• TO DO: Within the data below, count every line that includes "Modell" and report the total alone.

• DATA EXTRACTS:
%%

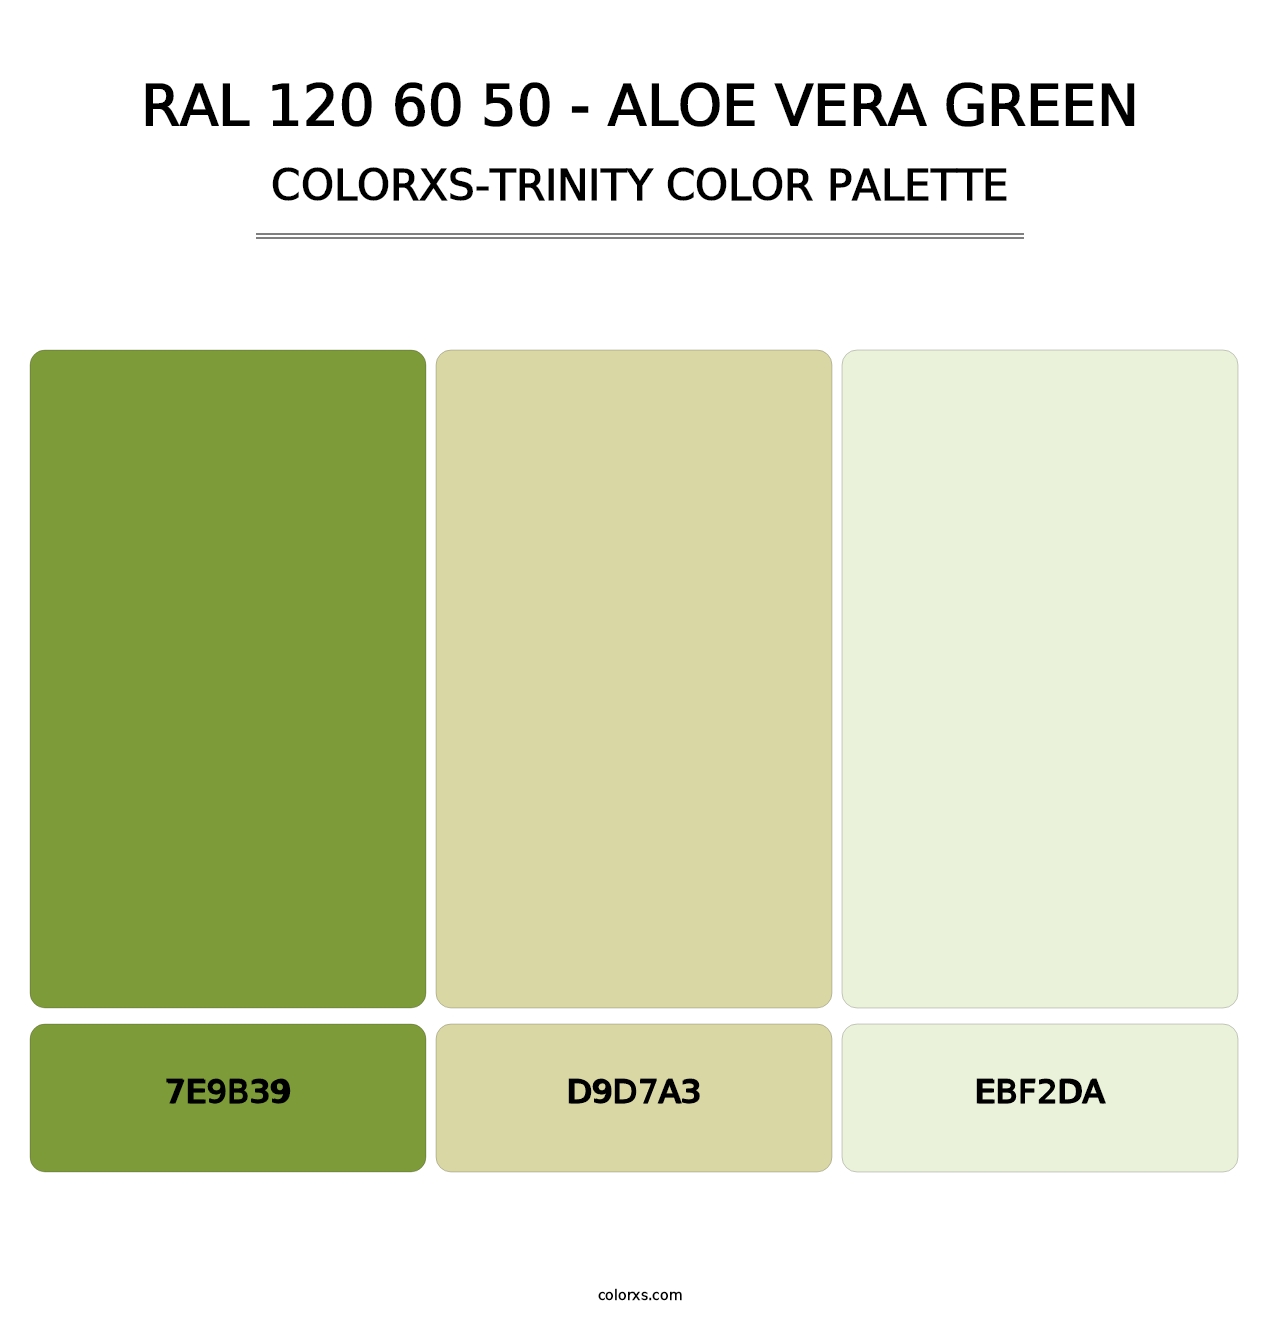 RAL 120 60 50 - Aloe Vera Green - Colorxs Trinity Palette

%%
%%

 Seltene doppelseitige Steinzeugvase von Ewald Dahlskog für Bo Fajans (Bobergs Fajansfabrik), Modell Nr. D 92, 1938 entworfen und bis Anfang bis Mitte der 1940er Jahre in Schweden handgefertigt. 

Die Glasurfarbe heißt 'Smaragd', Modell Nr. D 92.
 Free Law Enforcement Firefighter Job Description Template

%%

• WRITTEN SOLUTION: 2